EXERCISE GOAL = Repeat the data exactly, leaving out any image.

MATERIAL FOR THIS EXERCISE =
————

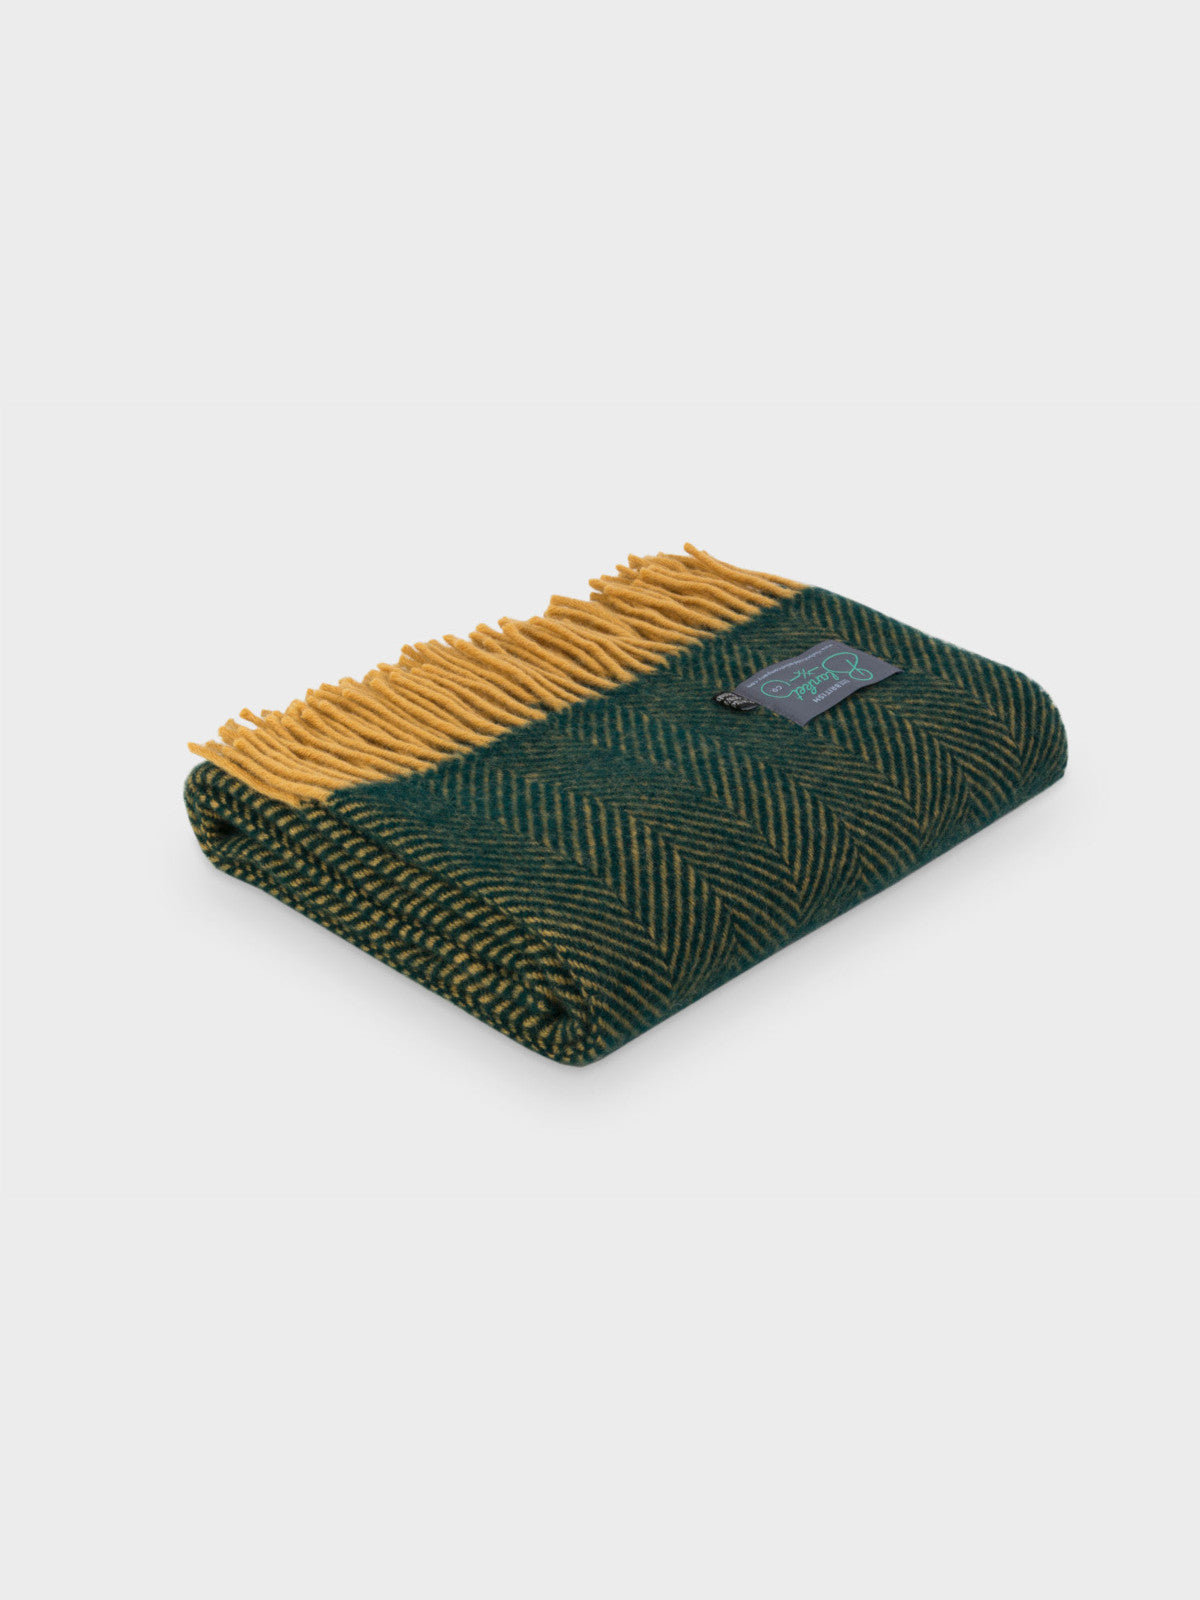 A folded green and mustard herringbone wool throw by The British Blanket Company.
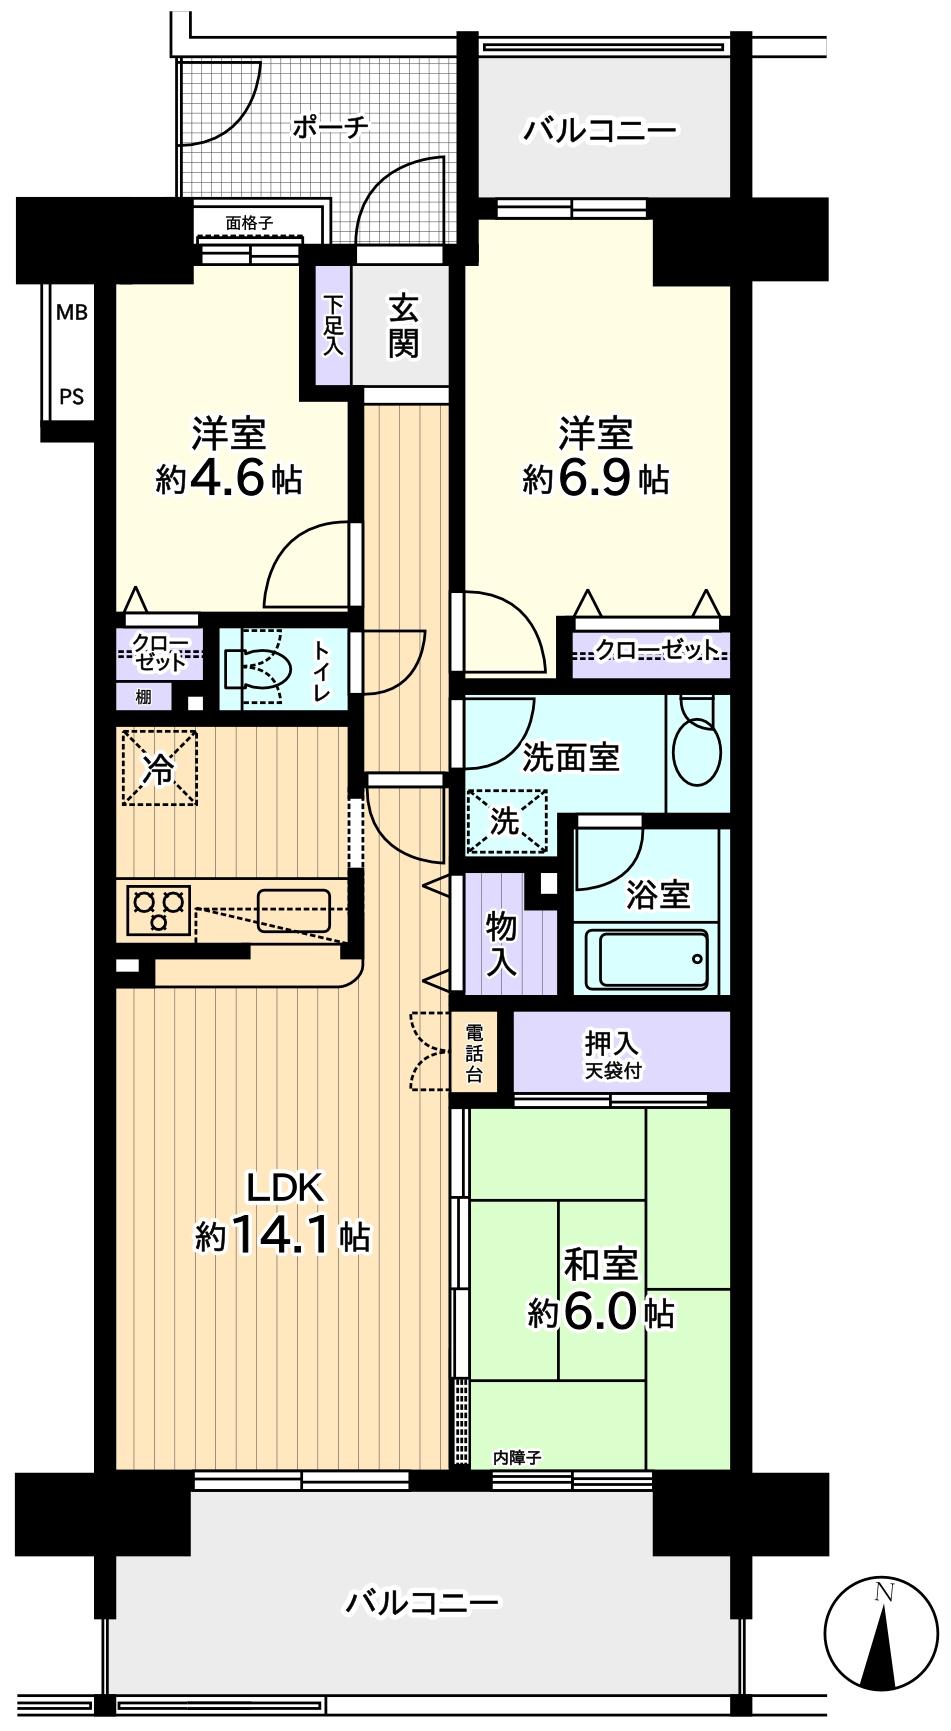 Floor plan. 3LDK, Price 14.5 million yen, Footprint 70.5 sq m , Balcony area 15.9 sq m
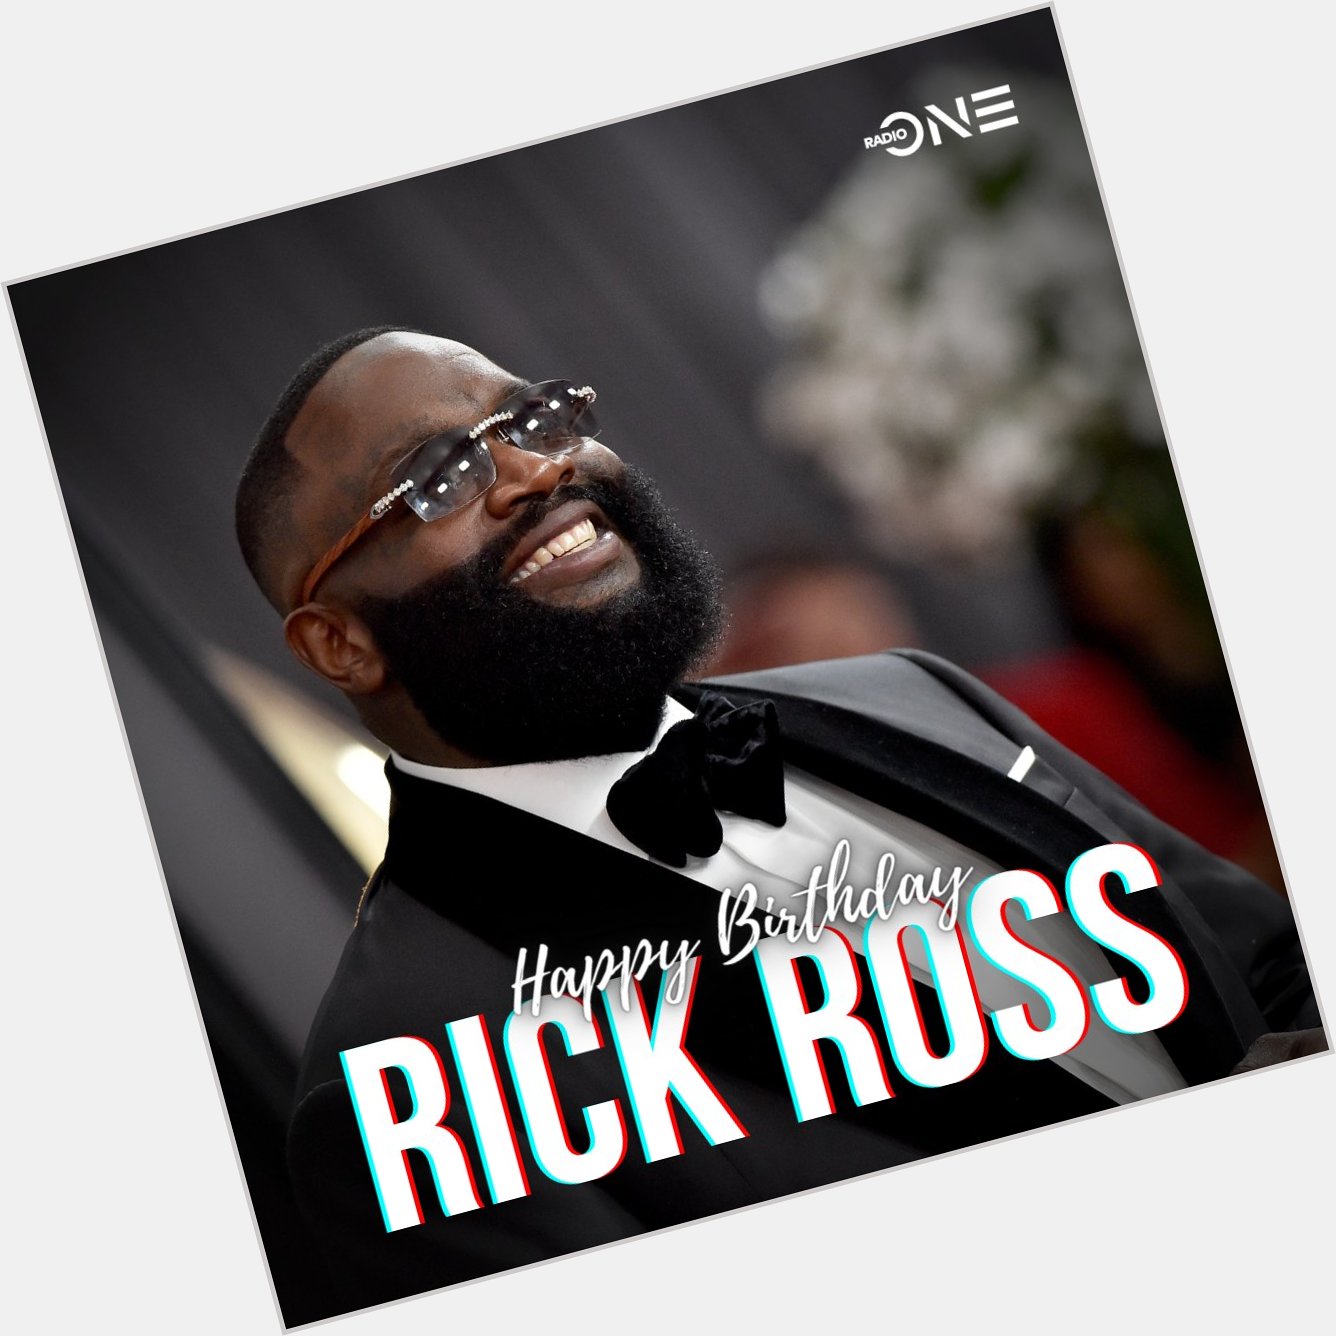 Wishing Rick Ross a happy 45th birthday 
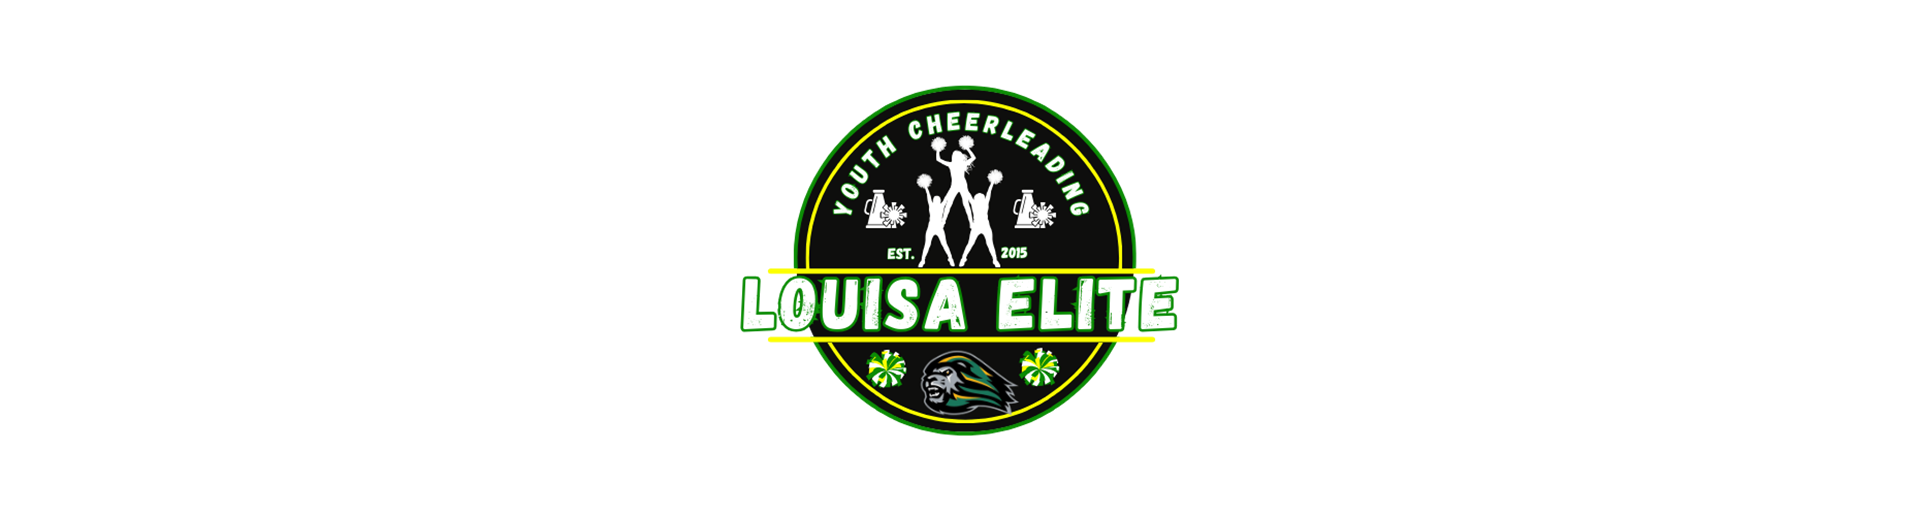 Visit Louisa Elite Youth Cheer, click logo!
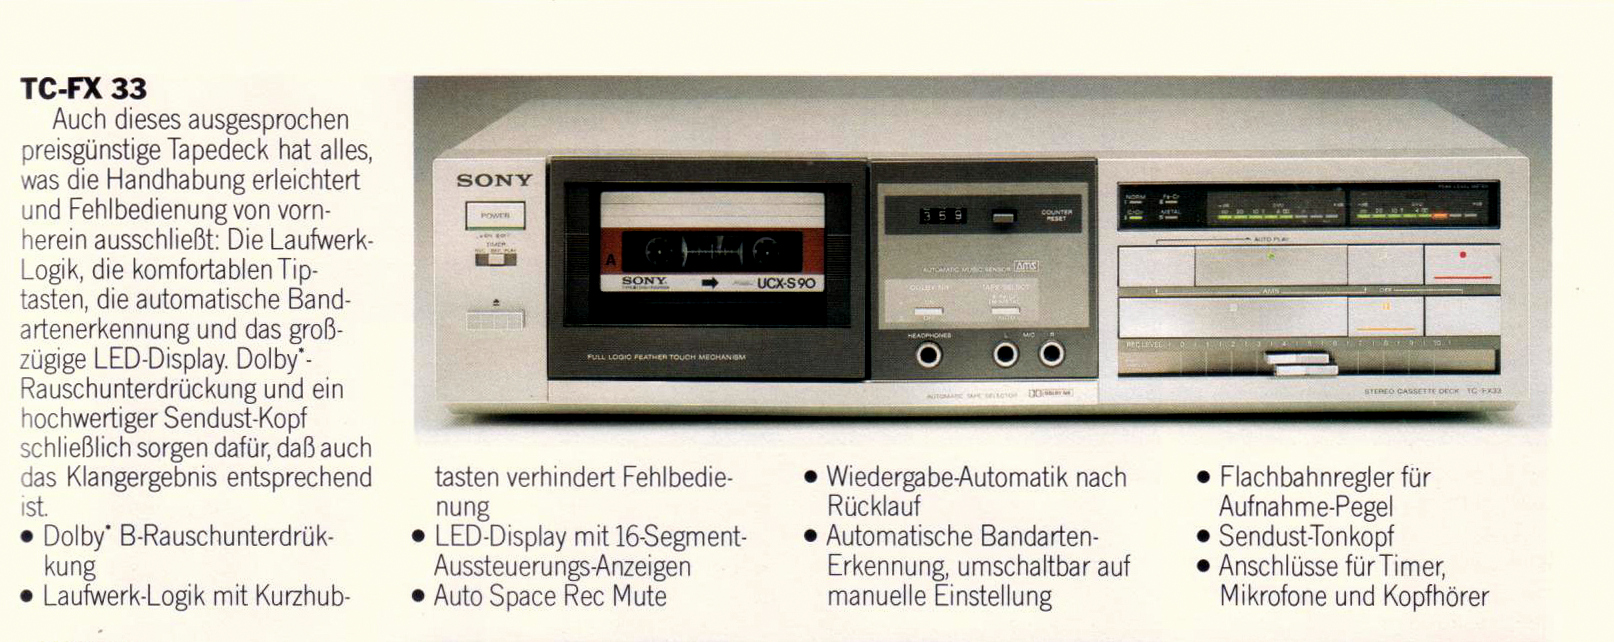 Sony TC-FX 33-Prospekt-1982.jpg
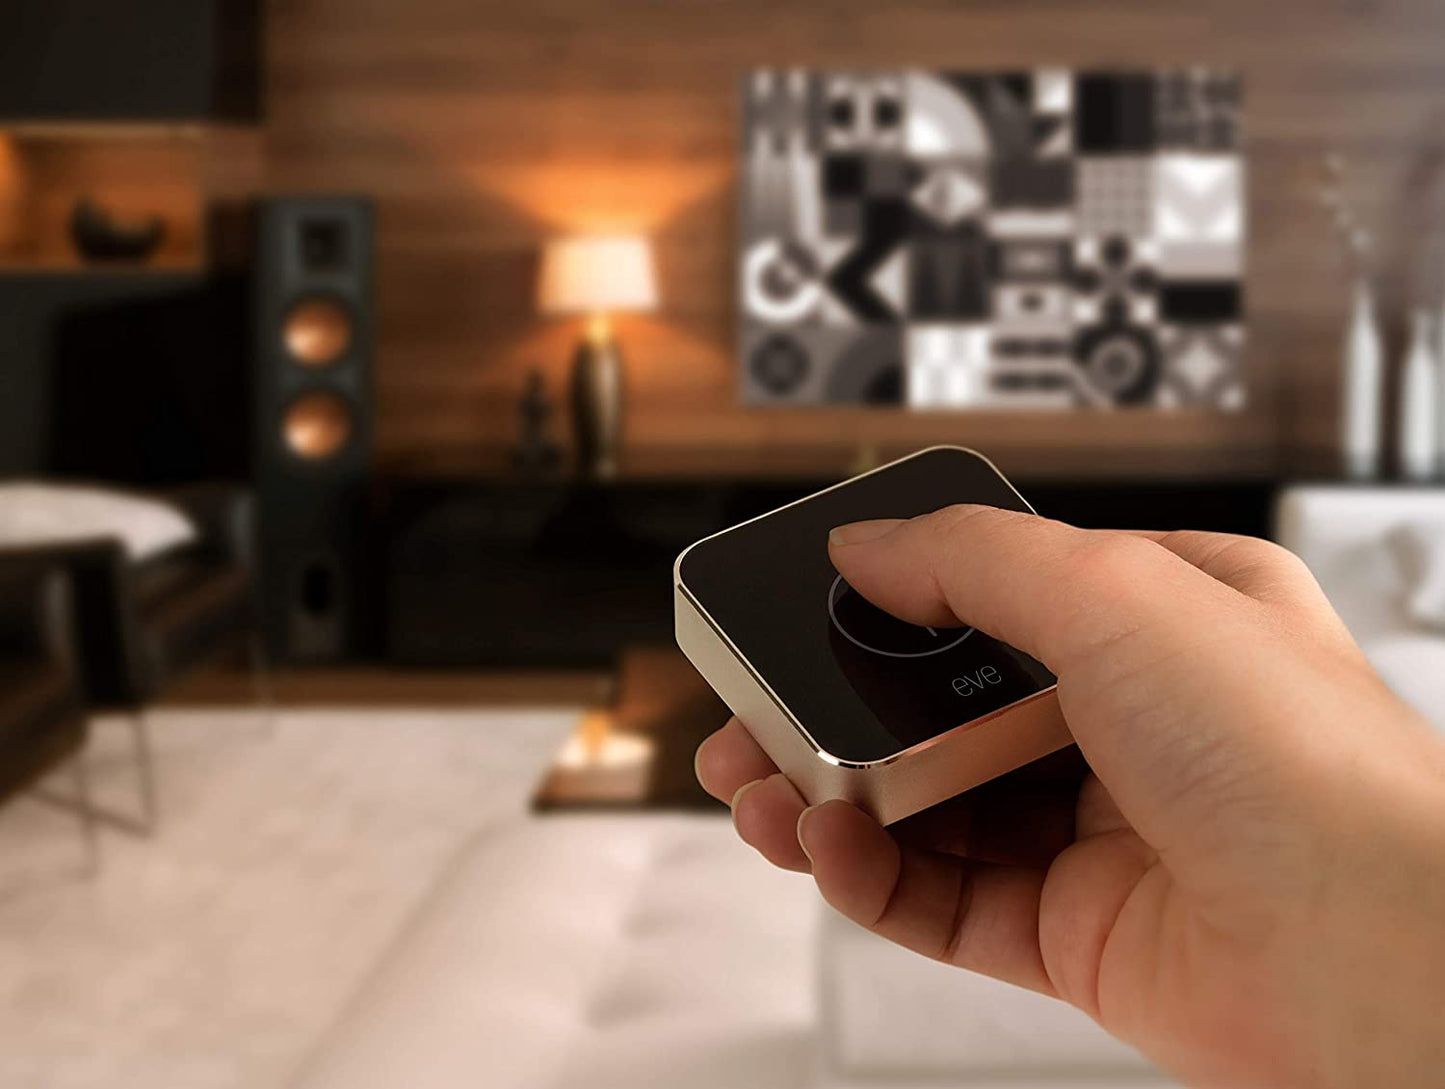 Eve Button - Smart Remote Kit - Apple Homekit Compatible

————

OUTPUT OF THE EXERCISE =
 A folded green and mustard herringbone wool throw by The British Blanket Company.
 Floor plan. 3LDK, Price 14.5 million yen, Footprint 70.5 sq m , Balcony area 15.9 sq m
 Wishing Rick Ross a happy 45th birthday 
 Visit Louisa Elite Youth Cheer, click logo!
 Sony TC-FX 33-Prospekt-1982.jpg
 Eve Button - Smart Remote Kit - Apple Homekit Compatible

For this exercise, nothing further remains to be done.